Gitlin M, Rapaport MH. Prim. Psychiatry 2003; 10(6): 1-10.

Copyright

(Copyright © 2003, MBL Communications)

DOI

unavailable

PMID

unavailable

Abstract

Bipolar disorder is both a chronic and recurrent illness in which patients are symptomatically ill 50% of the time and mostly in a depressed rather than manic state. Among bipolar disorder patients, >80% relapse within 5 years of recovery and two thirds of those with bipolar I will suffer a subsequent episode of mania over the next 10 years. Duration of episodes are approximately 3 months for major depressive, 1.5 months for manic, and >4 months for rapid cycling or mixed episodes.

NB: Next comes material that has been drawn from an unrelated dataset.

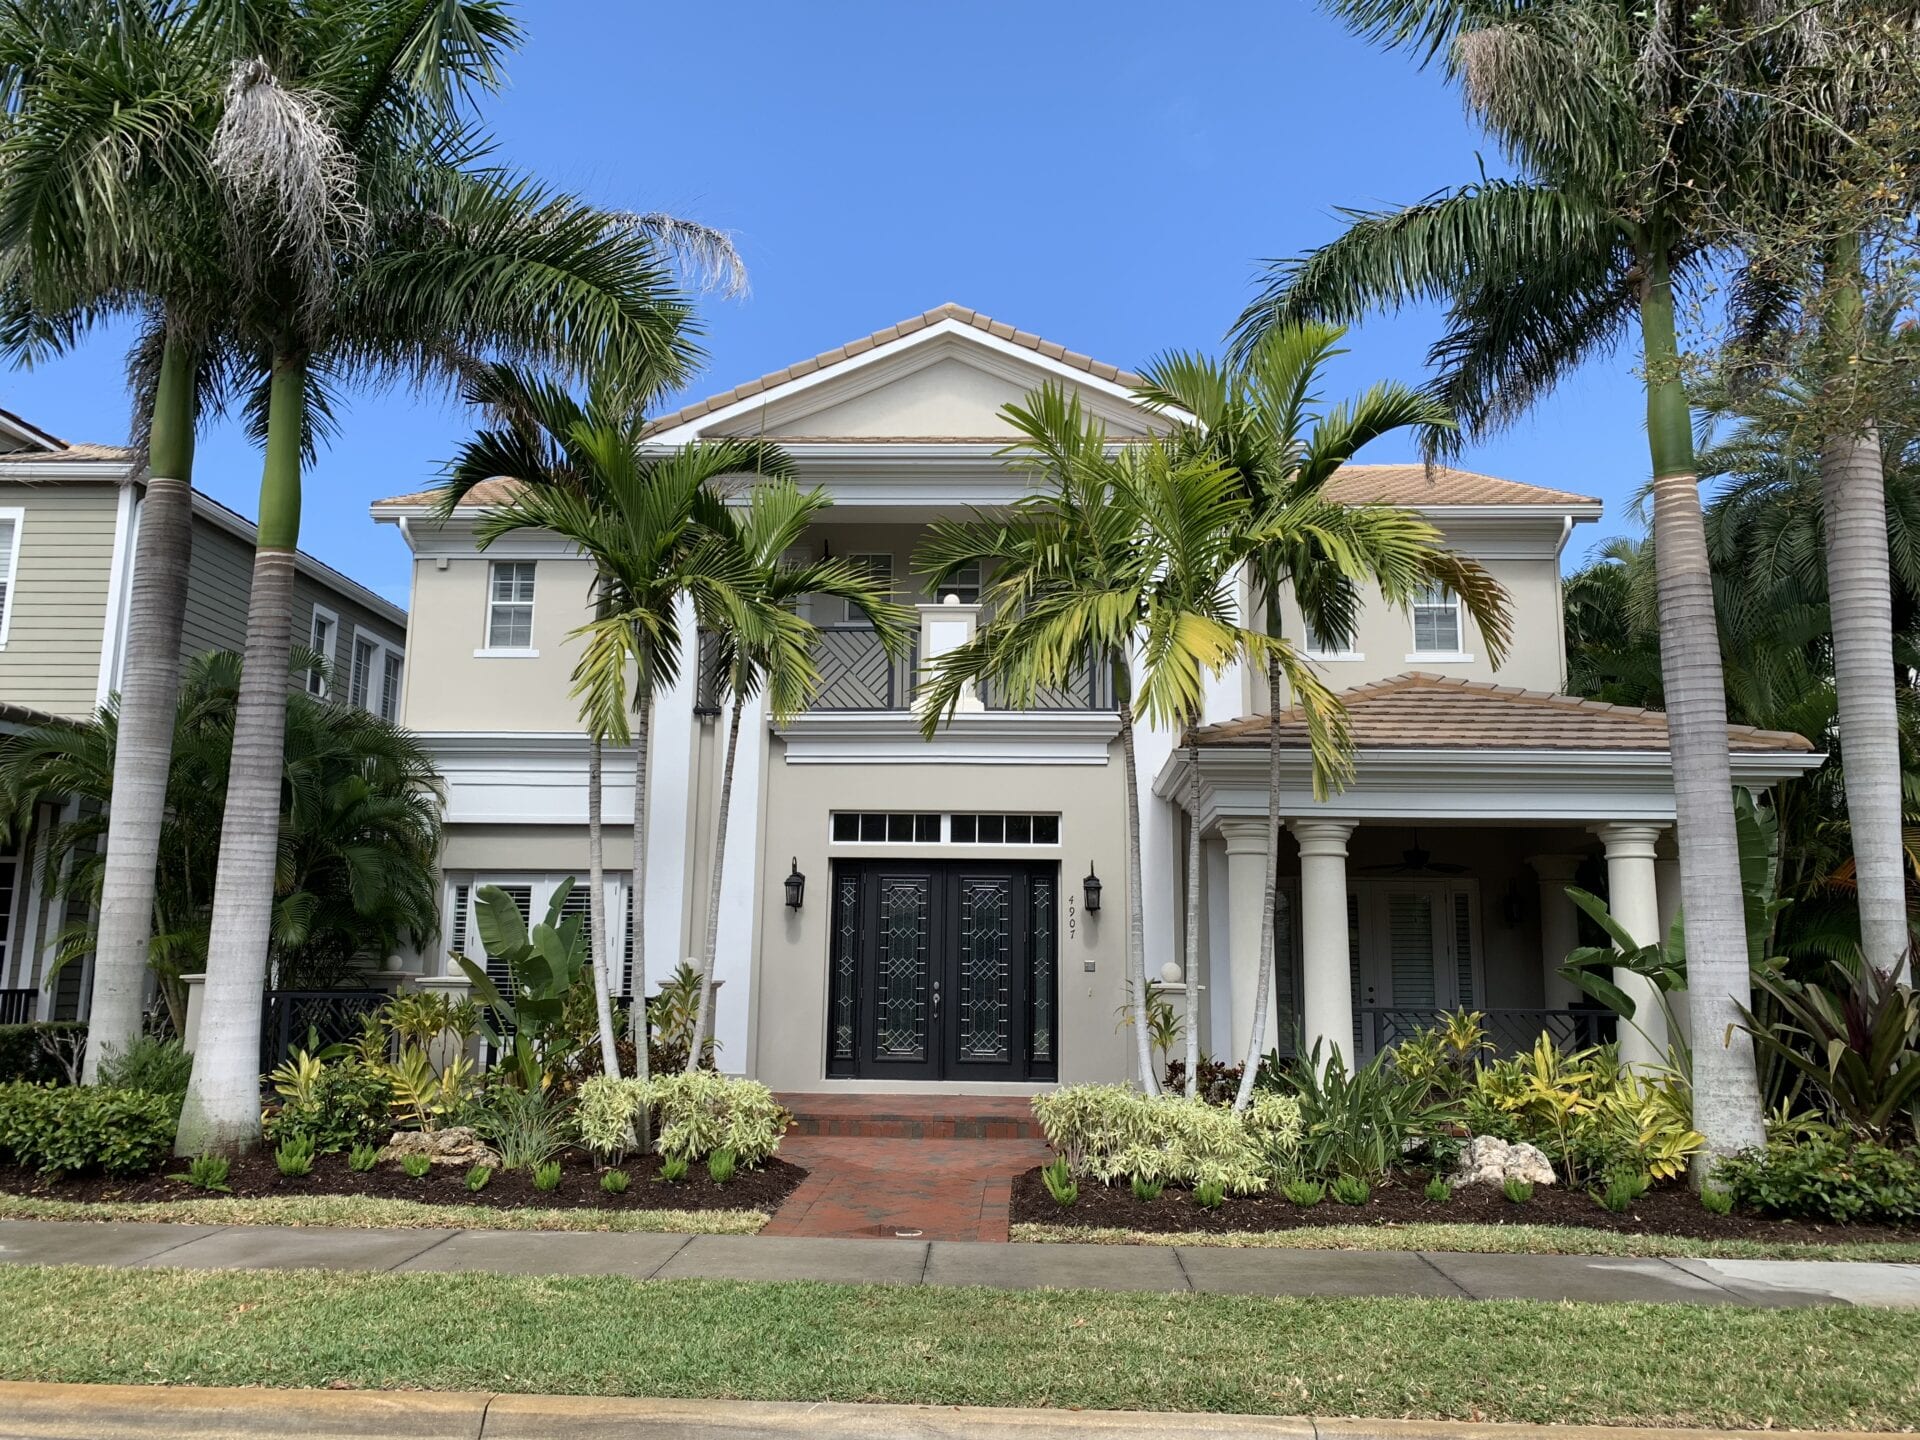 Landscaping Services, Tampa, FL

Depressive episodes may initiate rapid cycling, which occurs in 10% to 15% of patients. Consequences of bipolar disorder include decreased level of functioning in all domains, including impairment in family and social relationships, lower socioeconomic status, increased rates of alcohol and substance abuse, increased mortality from suicide and natural causes, and overall higher cost to society. Prognosis and recurrence of the disorder may be predicted based on type of episode as follows: 70% of patients with psychotic mania relapse compared to only 20% of patients with nonpsychotic mania, and 90% of patients with mood incongruent delusions relapse compared to 60% of those with mood congruent delusions. In addition, conversion from bipolar II to bipolar I is highly unlikely. The definition of remission, defined as complete resolution of all symptoms of the disorder, is complicated by the complex relationship that exists between relapse and function: While patients may show initial syndromal recovery, functional recovery usually takes much longer to occur. The circular relationship between symptomatic episodes and functional recovery requires both combined pharmacotherapy, to reduce symptoms, as well as psychotherapy, to better cope with stress, in order to achieve true remission.